Cette « neu­tra­lité indif­fé­rente » de l’État, cet État « are­li­gieux » sont aujourd’hui remis en cause : la laï­cité est désor­mais per­çue comme une atteinte à la liberté reli­gieuse, pour en arri­ver à un com­bat entre sys­tèmes juri­diques : si l’Union Euro­péenne se tient à l’abri du fait reli­gieux (on se rap­pelle que la men­tion des « racines chré­tiennes de l’Europe » a été régu­liè­re­ment écar­tée des trai­tés euro­péens), la Cour Euro­péenne des droits de l’homme laisse, elle, une marge d’autonomie aux États, ce qui per­met à ces conflits de se déve­lop­per, le plus évident étant celui qui oppose les socié­tés ayant choisi un sys­tème de sépa­ra­tion des Églises et de l’État à celles qui l’ont ignoré, ou rejeté.
Il y a même un effet exac­te­ment inverse : l’un des inter­ve­nants montre qu’au moment où l’Europe vivait au XIXe s. une « révo­lu­tion sécu­lière », le monde arabo-musulman vivait un mou­ve­ment opposé de pan­is­la­misme, condui­sant à réaf­fir­mer la pri­mauté du reli­gieux dans la sphère publique.

Peu à peu se déve­loppe une vision de la laï­cité du droit ins­pi­rée du monde anglo-saxon, et plus par­ti­cu­liè­re­ment amé­ri­cain. Mais là encore, le sys­tème diverge : alors qu’en France, la laï­cité sert à pro­té­ger l’État contre les ingé­rences des reli­gions, le sys­tème amé­ri­cain du « mur de sépa­ra­tion » (Th. Jef­fer­son) vise à pro­té­ger les reli­gions de l’ingérence de l’État, le rôle du Pre­mier amen­de­ment étant, là comme ailleurs, de la plus grande importance.

C’est une fina­lité dif­fé­rente, qui conduit à étendre aussi lar­ge­ment que pos­sible les droits des mino­ri­tés reli­gieuses, en recher­chant des « accom­mo­de­ments rai­son­nables », qui cherchent à mon­trer que l’État ne témoigne d’aucune hos­ti­lité à l’égard d’une reli­gion, quelle qu’elle soit.
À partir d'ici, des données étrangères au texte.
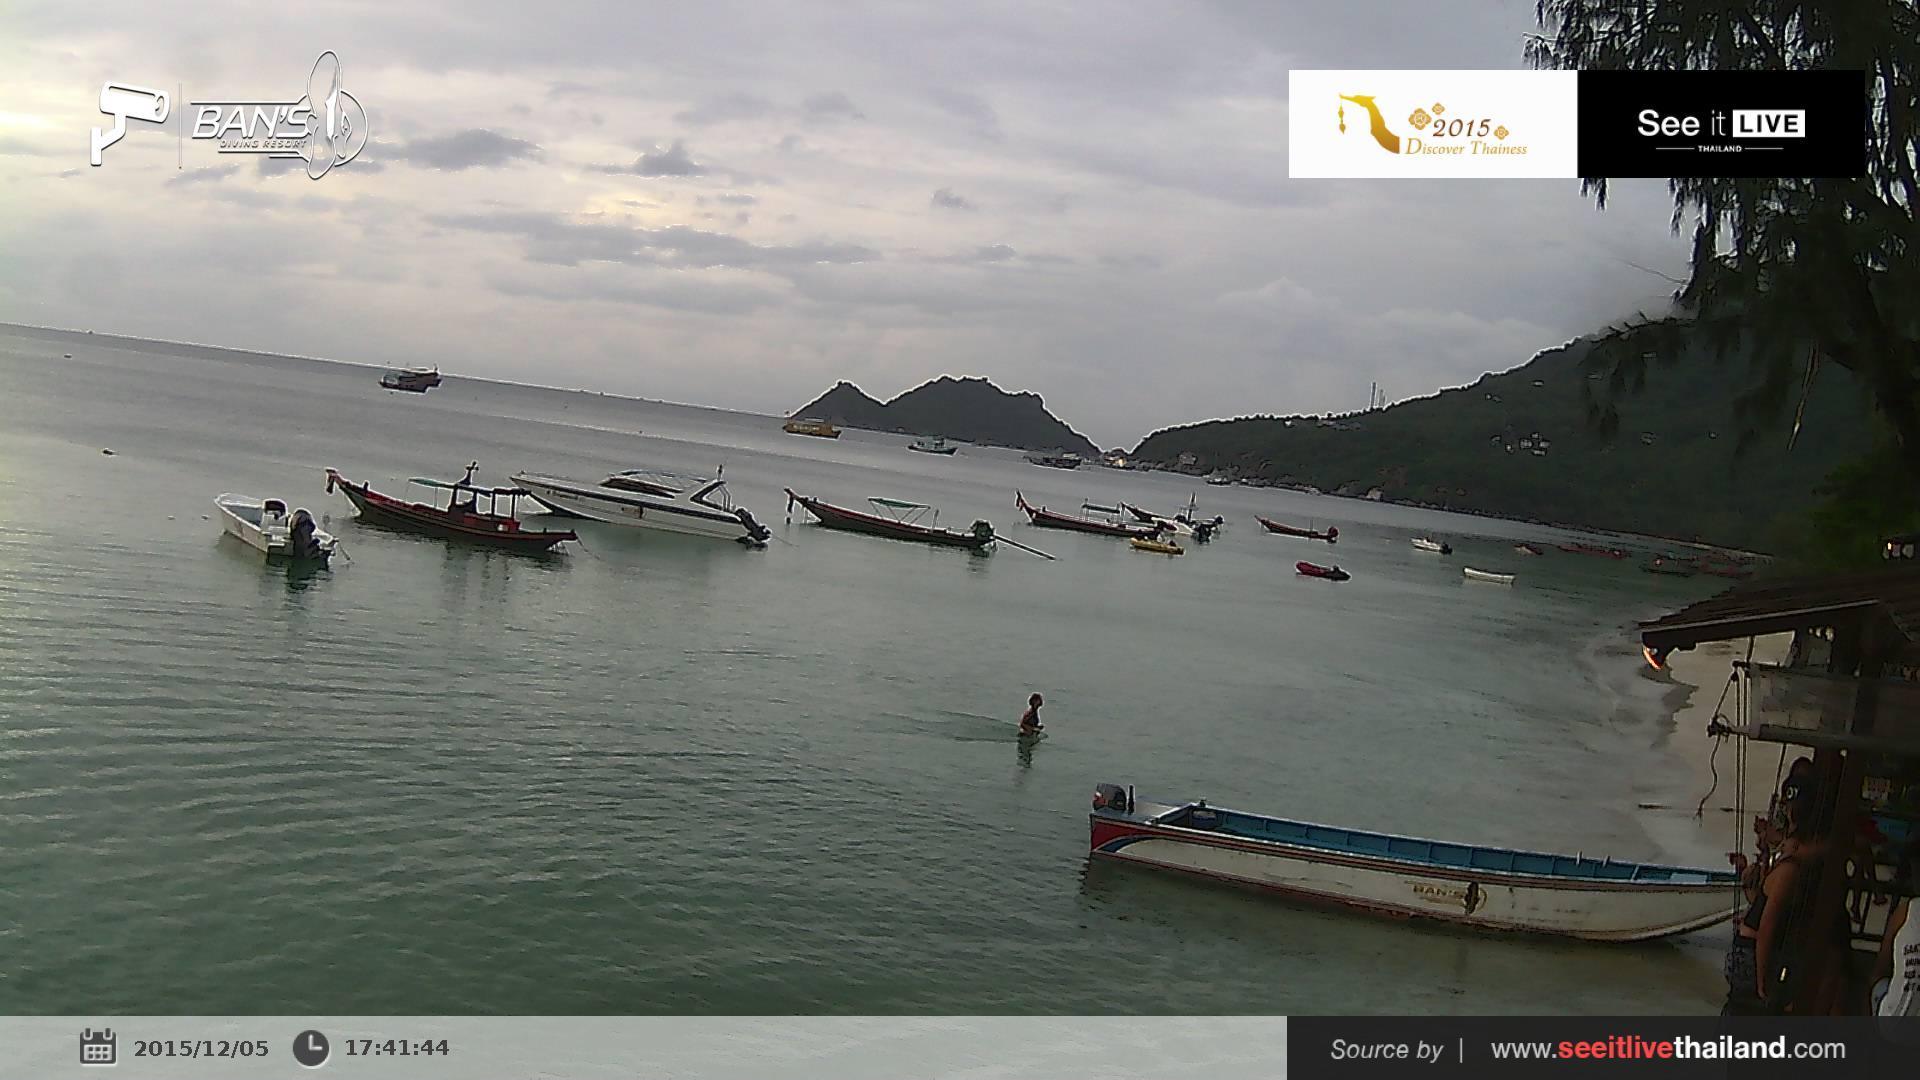 Webcam บ้านหาดทรายรี: Sairee Beach − Ban Driving Resort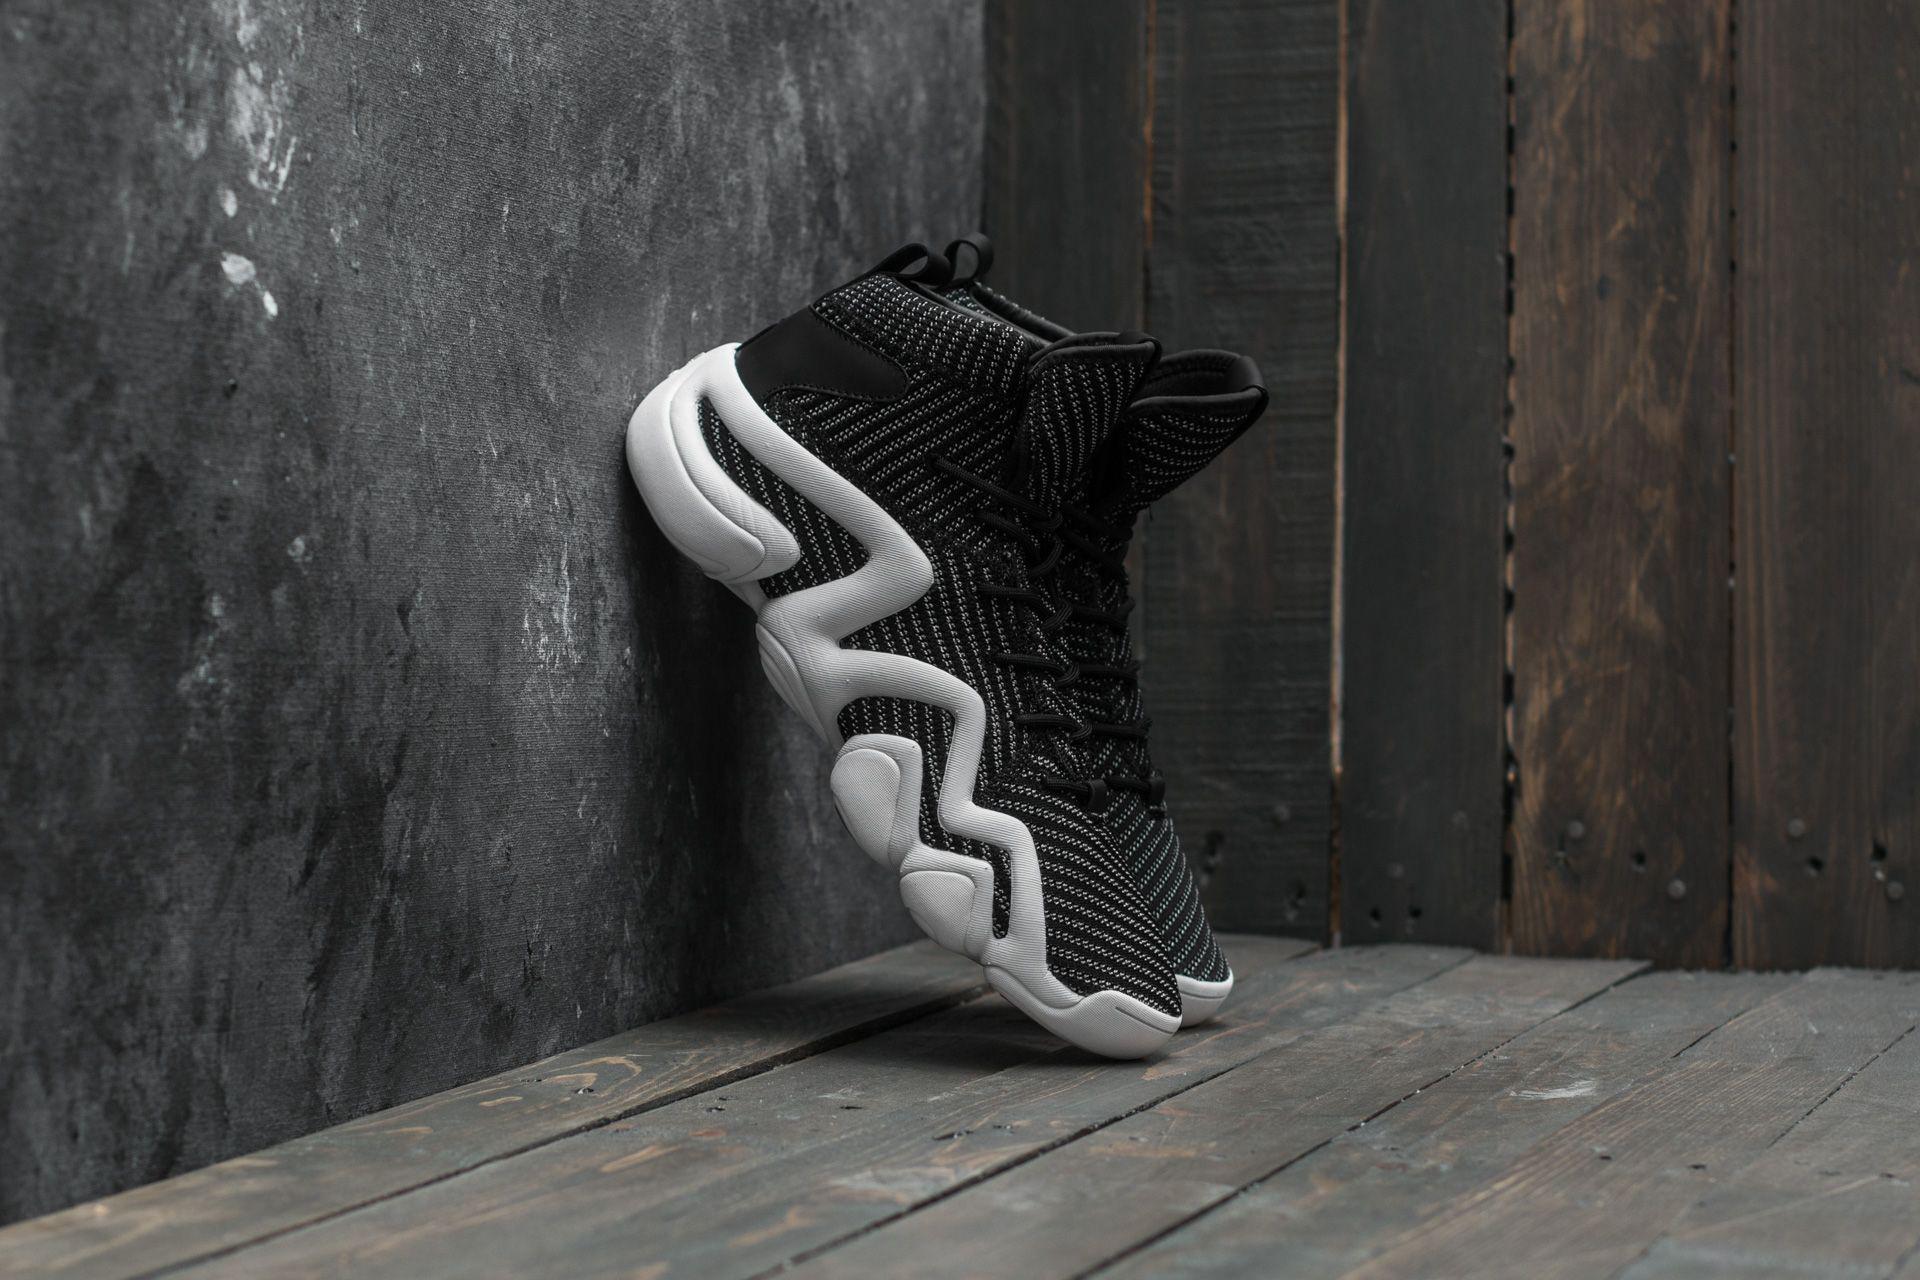 size 40 bd4a0 18503 Lyst - adidas Originals Adidas Crazy 8 Adv Primeknit Core Bl

Il y a ainsi un glis­se­ment de la neu­tra­lité de l’État à son absence d’hostilité, et il se retrouve au cœur du com­bat contre la construc­tion du prin­cipe fran­çais de laï­cité : le droit est mis en cause, et pré­senté comme dis­cri­mi­na­toire, démarche qui incite à trou­ver des amé­na­ge­ments bien proches de ceux du sys­tème amé­ri­cain.
Le volume ici pré­senté est fort inté­res­sant, et la diver­sité des com­mu­ni­ca­tions offerte per­met­tra de sai­sir les dif­fé­rentes facettes de la laï­cité, et ses enjeux dans notre société fran­çaise contem­po­raine, mais aussi dans sa dimen­sion mondiale.

La forme fran­çaise de la laï­cité, des­ti­née à garan­tir la paix reli­gieuse, fait donc l’objet d’attaques mul­tiples, directes ou plus dif­fuses, visant à réin­tro­duire le reli­gieux dans l’État. Même si elle per­met la coexis­tence de toutes les reli­gions, et que des pro­jets comme « Ala­din » (refus des extré­mismes et fon­da­men­ta­lismes par la connais­sance et les échanges cultu­rels) se déve­loppent, reste à savoir si celle que Pierre Rosan­val­lon qua­li­fiait de « spé­ci­fi­cité irré­duc­tible du modèle poli­tique fran­çais » res­tera long­temps « irréductible ».

yann-loic andre

Rose­line Let­te­ron (dir.), La Laï­cité dans la tour­mente, « Sor­bonne Essais », Sor­bonne Uni­ver­sité Presses, Paris, 2019, 304 p. — 9,90 €.